(Supplied records)
**********
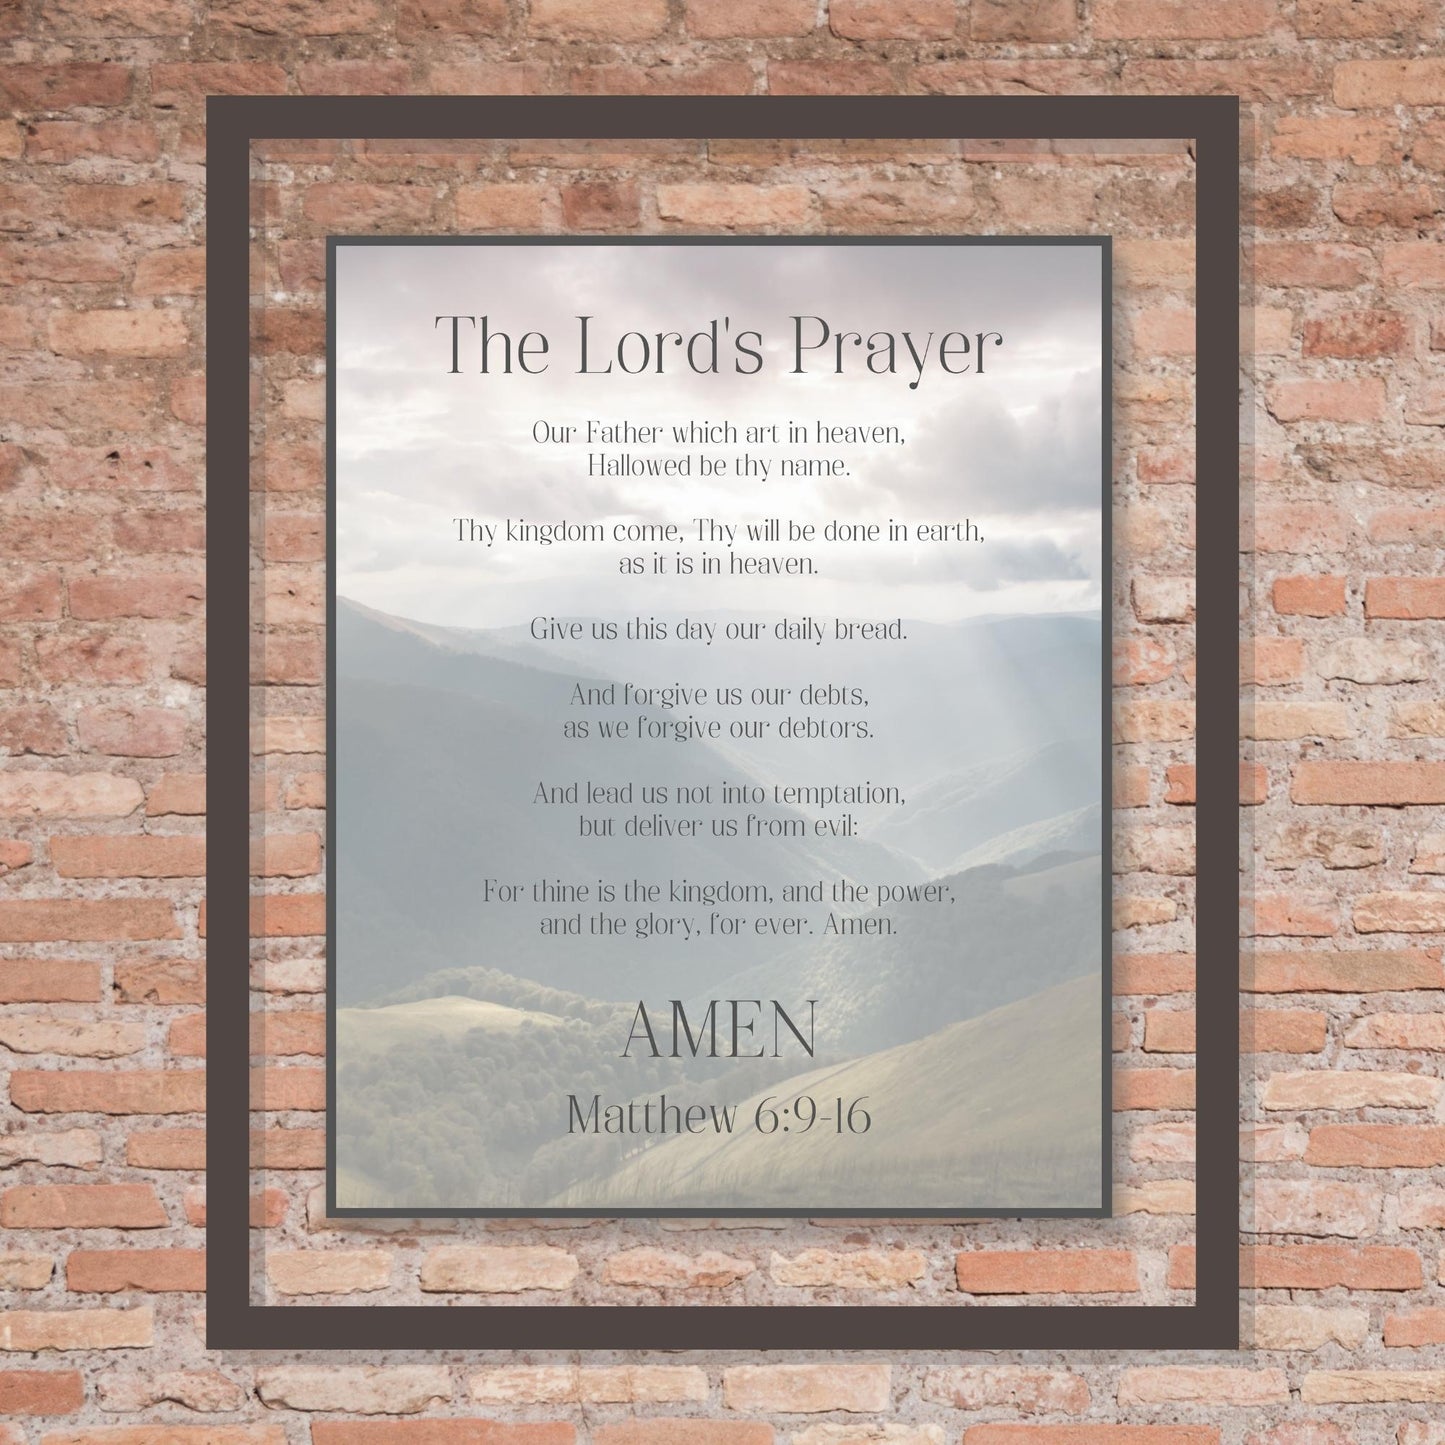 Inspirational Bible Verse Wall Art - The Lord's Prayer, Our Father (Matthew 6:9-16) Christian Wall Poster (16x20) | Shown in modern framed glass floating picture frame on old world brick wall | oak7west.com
**********
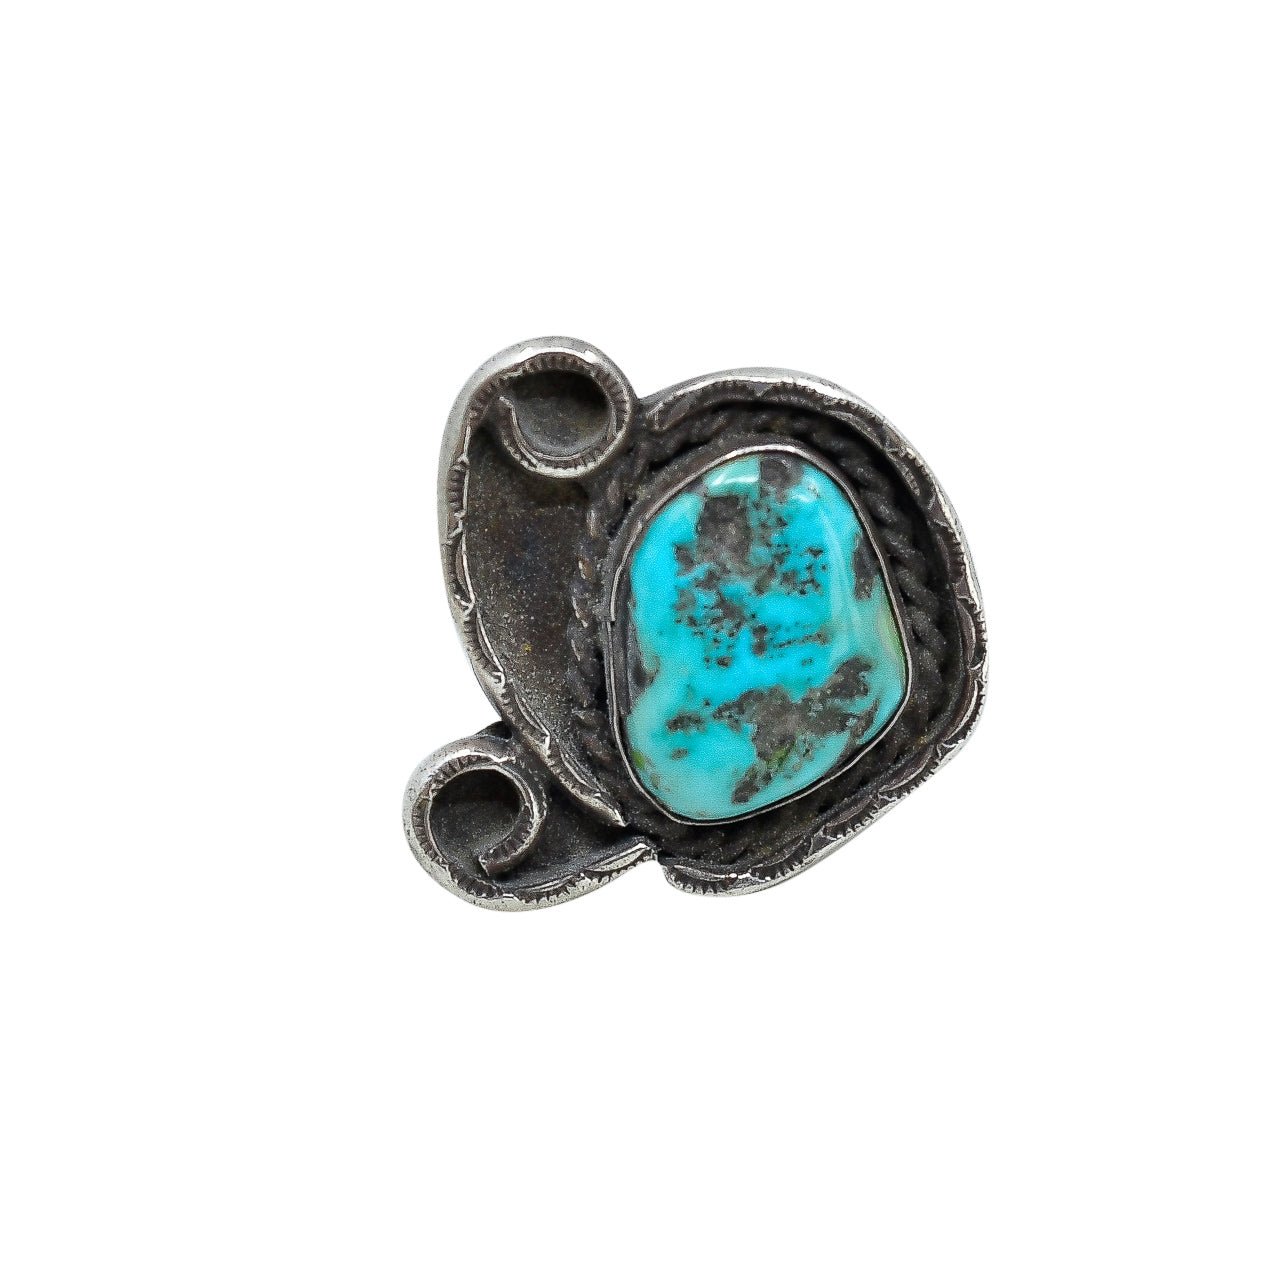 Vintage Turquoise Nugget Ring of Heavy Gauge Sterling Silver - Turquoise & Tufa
**********
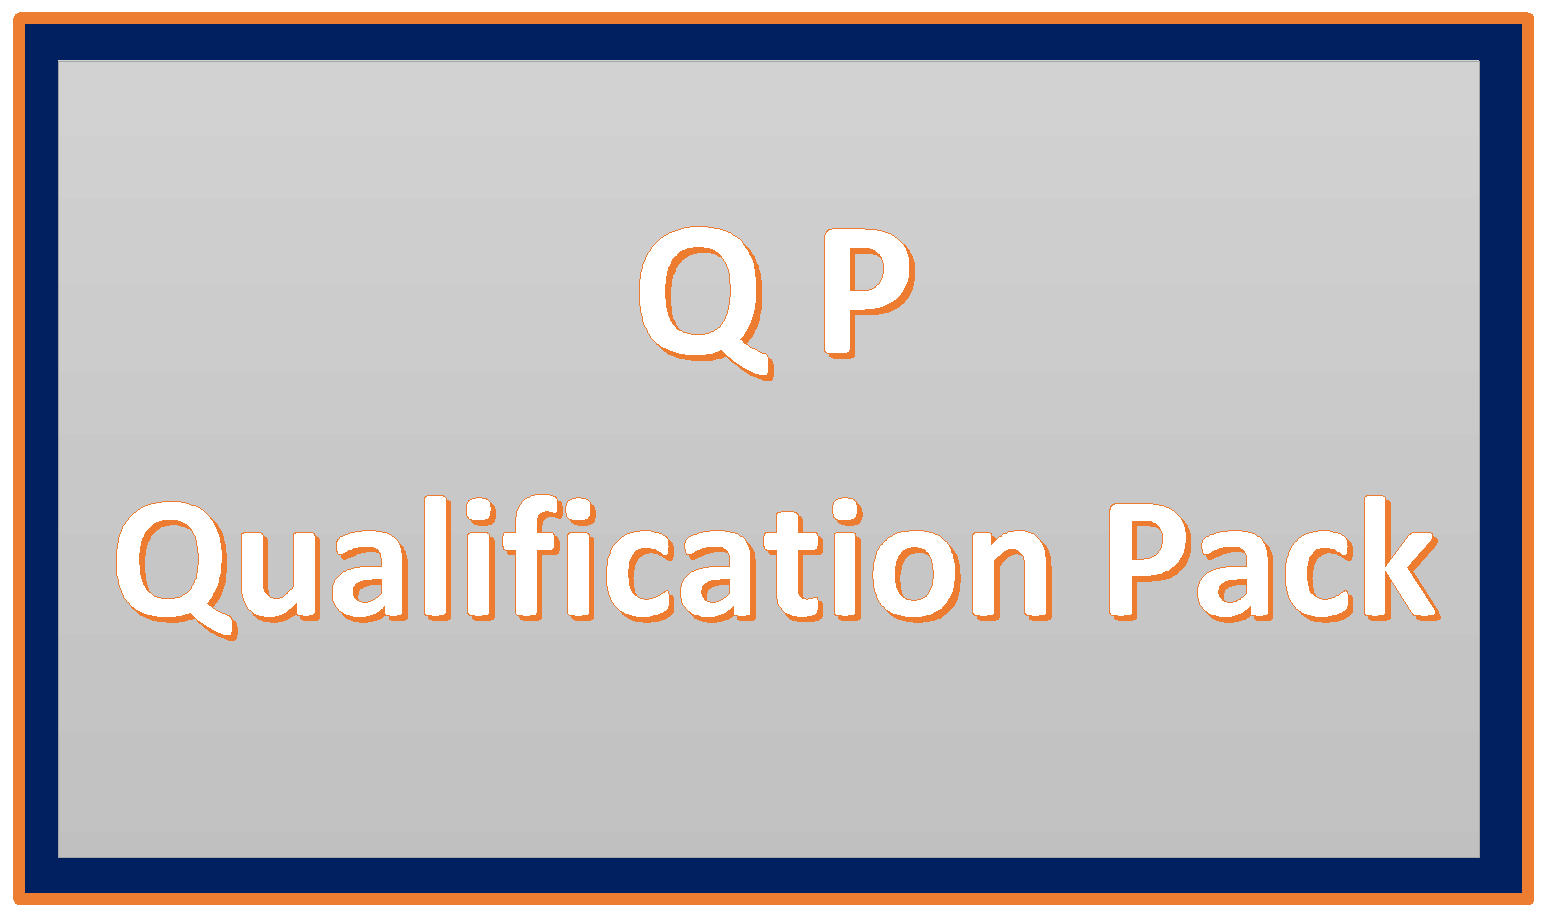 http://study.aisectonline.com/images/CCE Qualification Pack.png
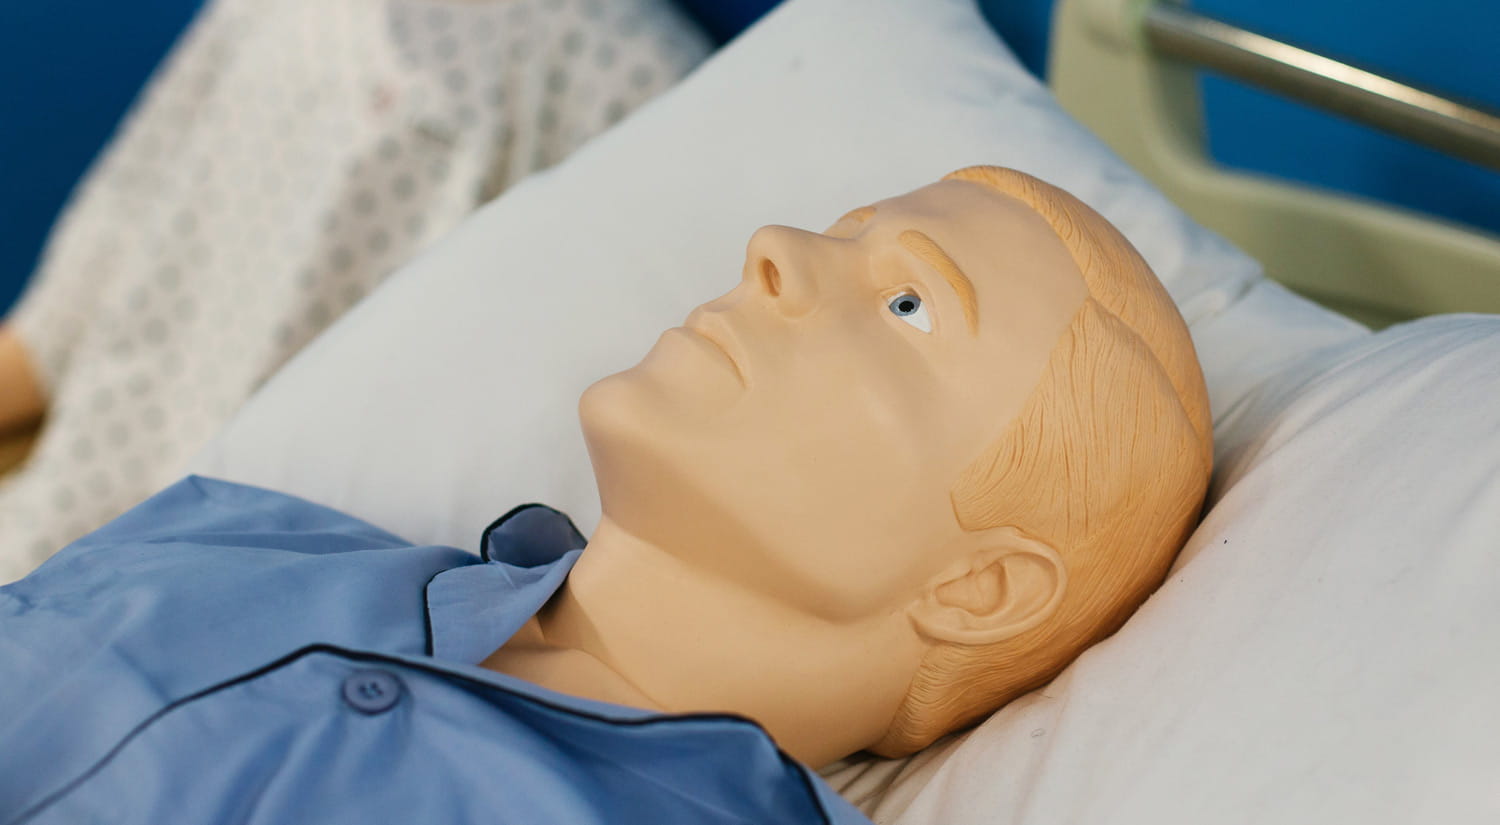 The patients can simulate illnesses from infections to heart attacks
**********
(Goal of the exercise) Would you copy out, exactly and with no pictures, only the lines above from the one that contains "http://study.aisectonline.com/images/CCE Qualification Pack.png" through the one that contains "The patients can"?

(Expected answer)
 http://study.aisectonline.com/images/CCE Qualification Pack.png
 The patients can simulate illnesses from infections to heart attacks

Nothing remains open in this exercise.